YOUR GOAL: From the listing that follows, output everything exactly except the pictures.

SOURCE DATA:

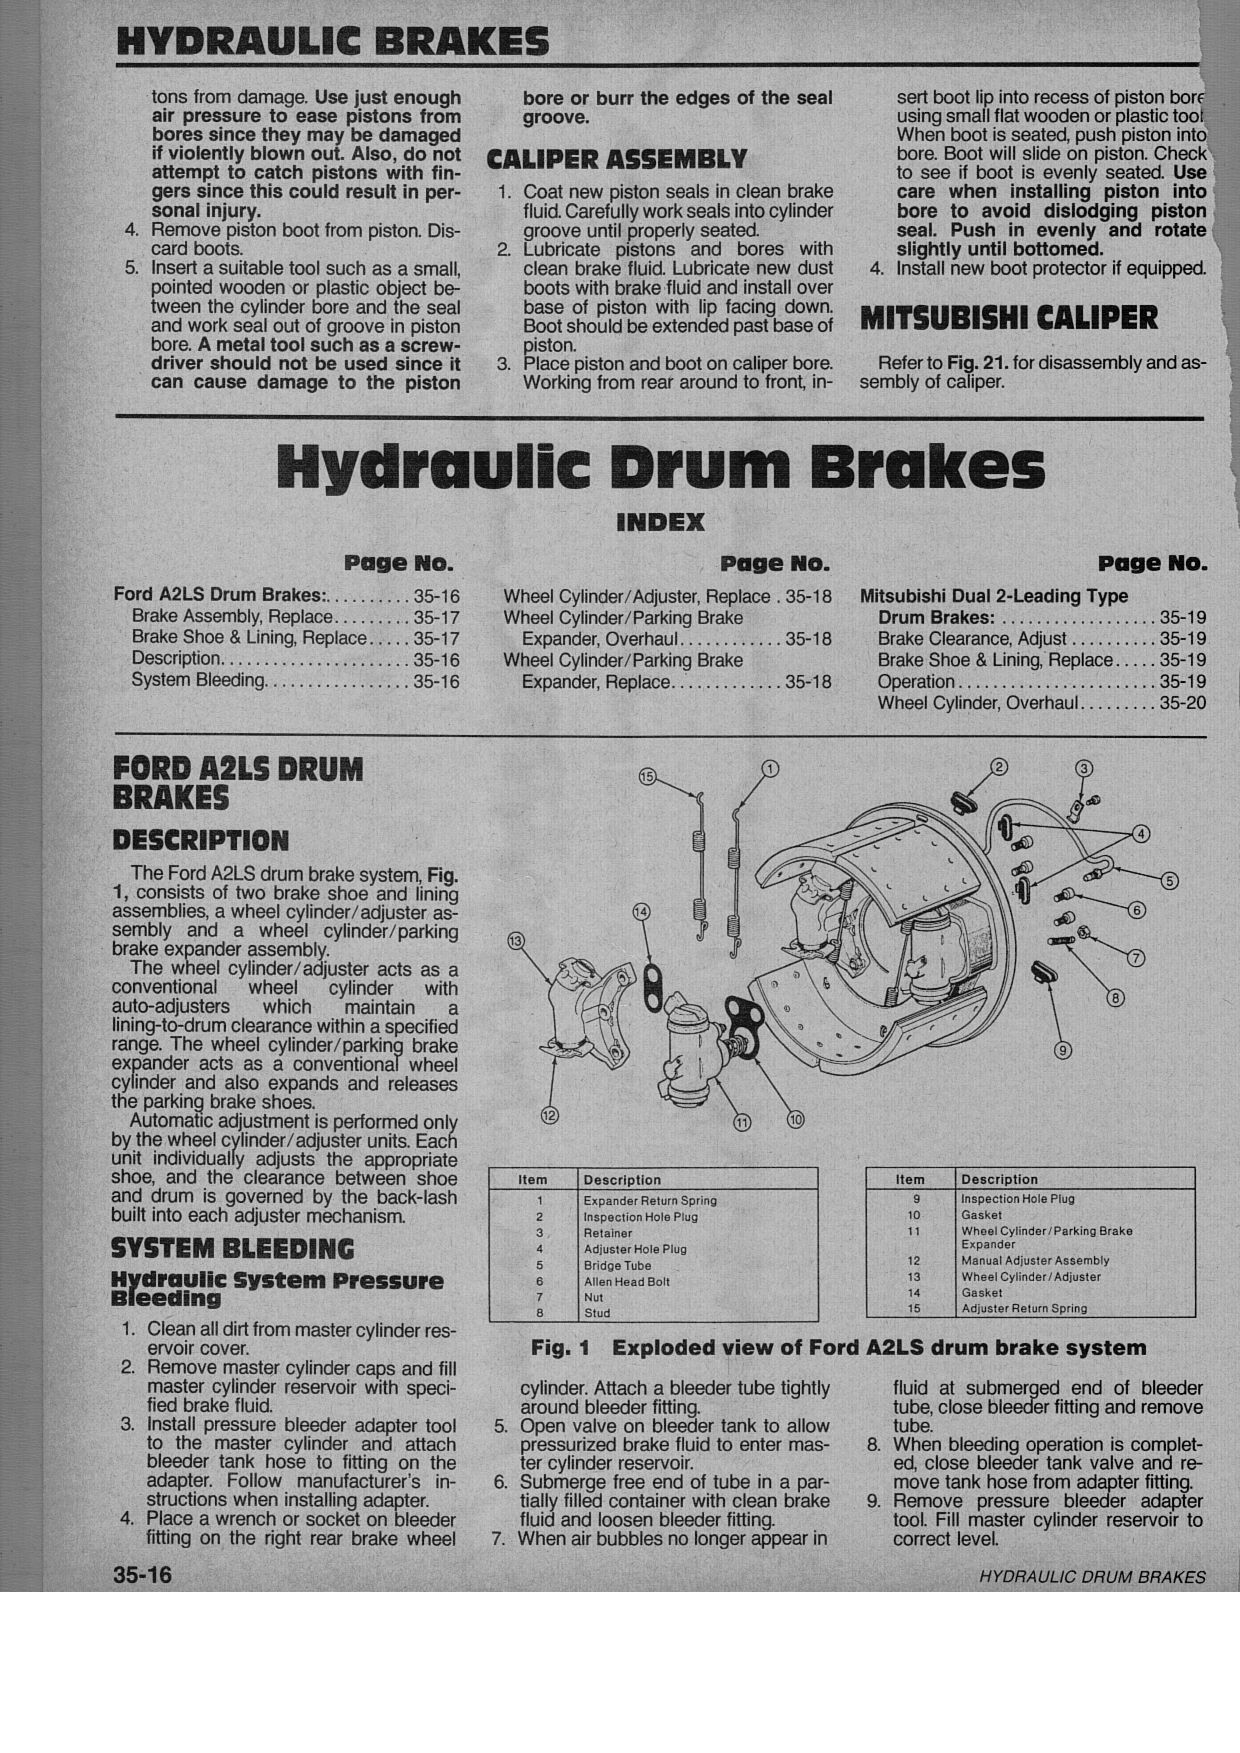 1987 ford F700 Brake System Diagram Diagram] ford F800 Brake Diagram Full Version Hd Quality Of 1987 ford F700 Brake System Diagram
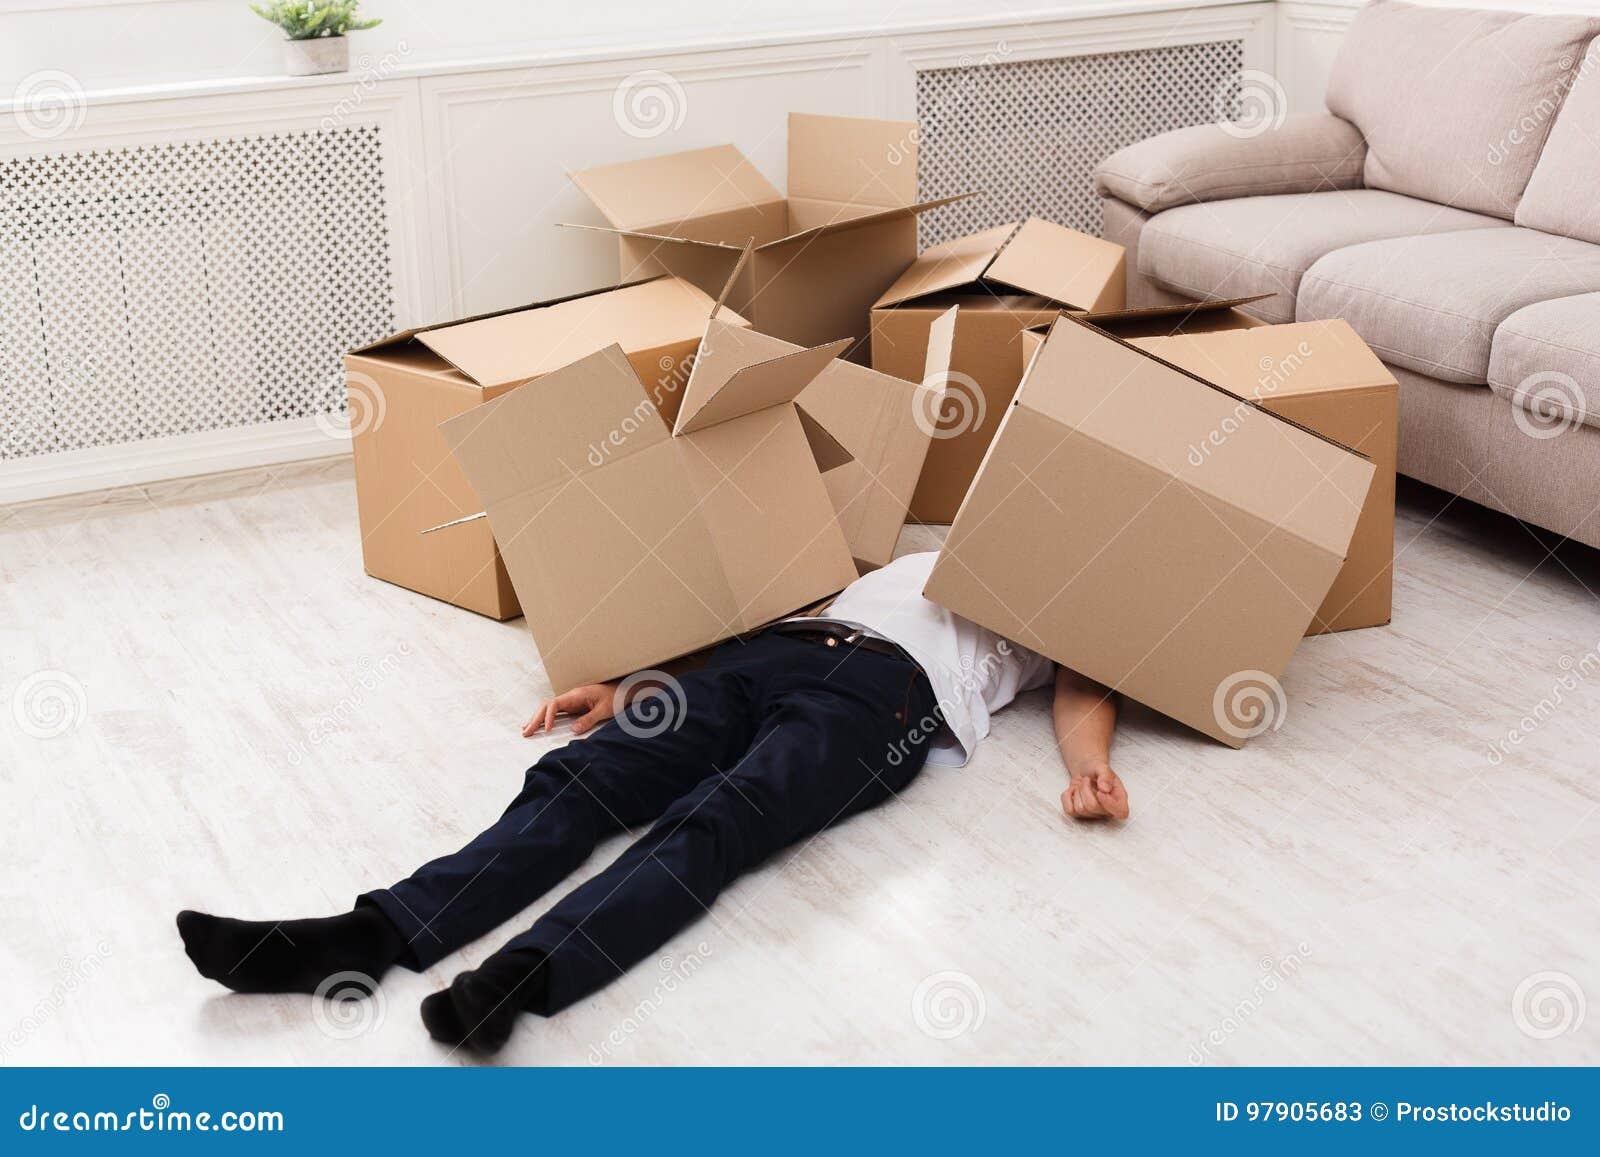 Man crushed underneath cardboard boxes
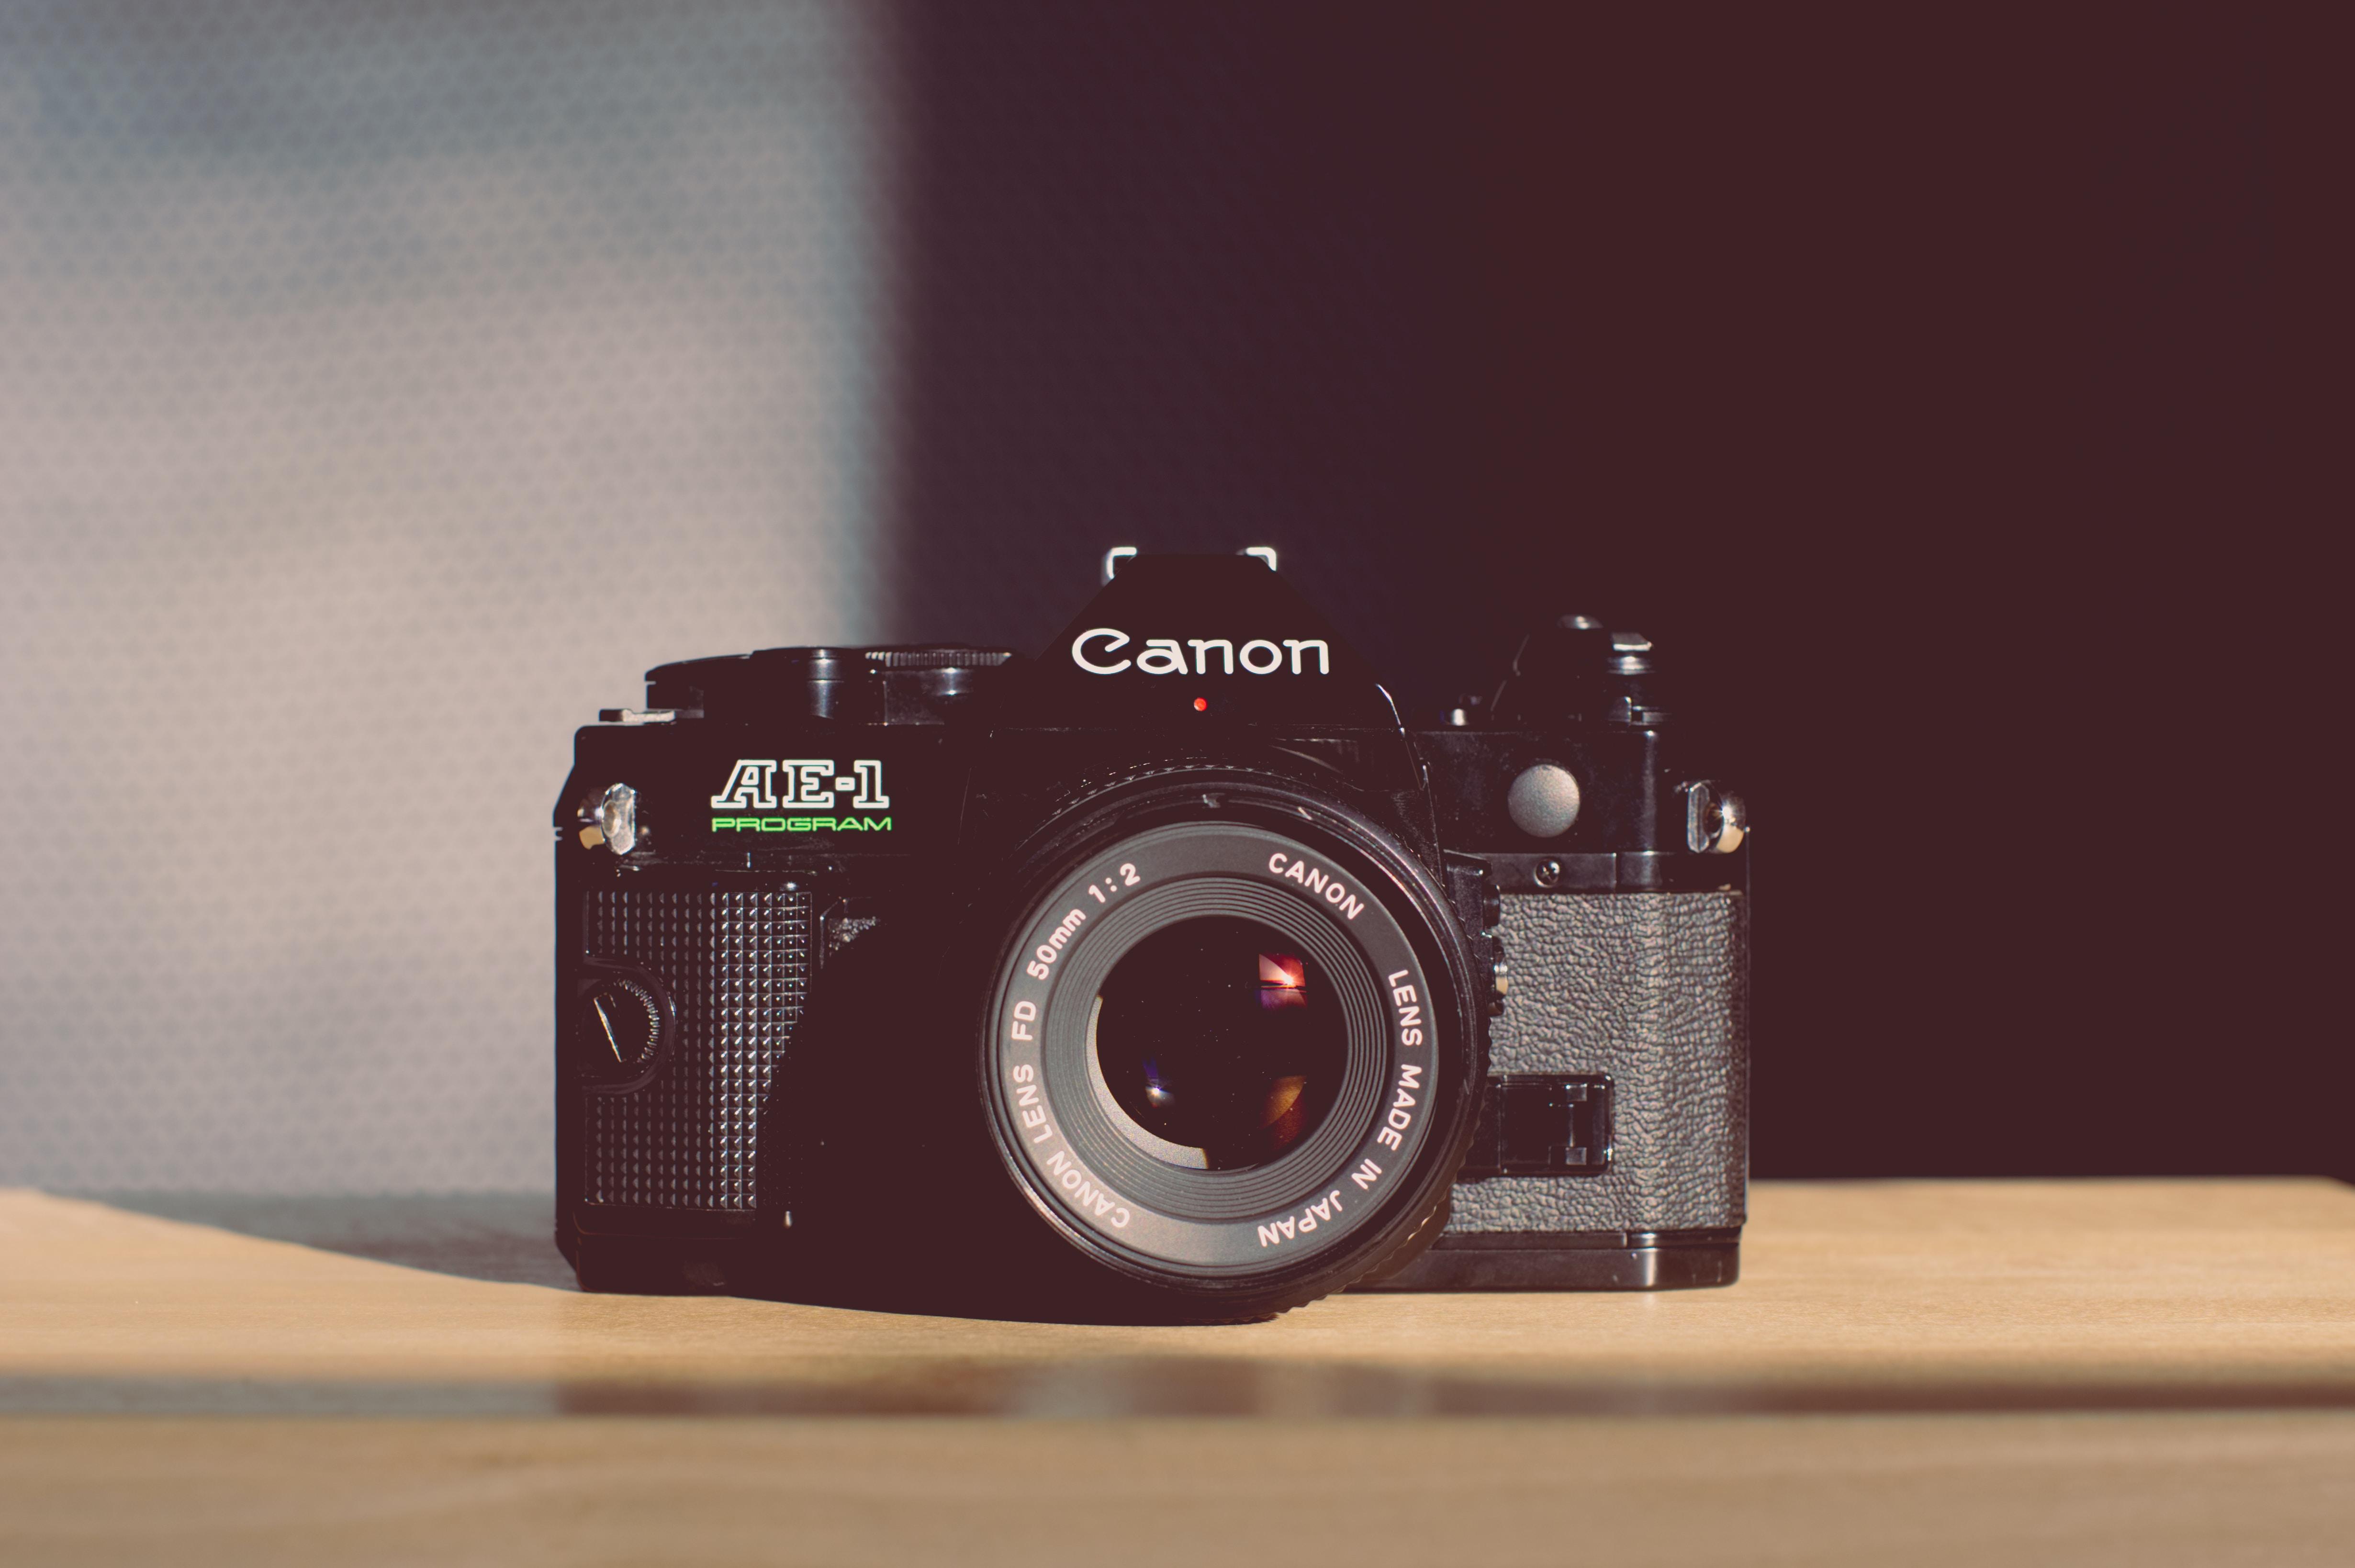 shallow focus photo of Canon camera

EXERCISE ANSWER:
 1987 ford F700 Brake System Diagram Diagram] ford F800 Brake Diagram Full Version Hd Quality Of 1987 ford F700 Brake System Diagram
 Man crushed underneath cardboard boxes
 shallow focus photo of Canon camera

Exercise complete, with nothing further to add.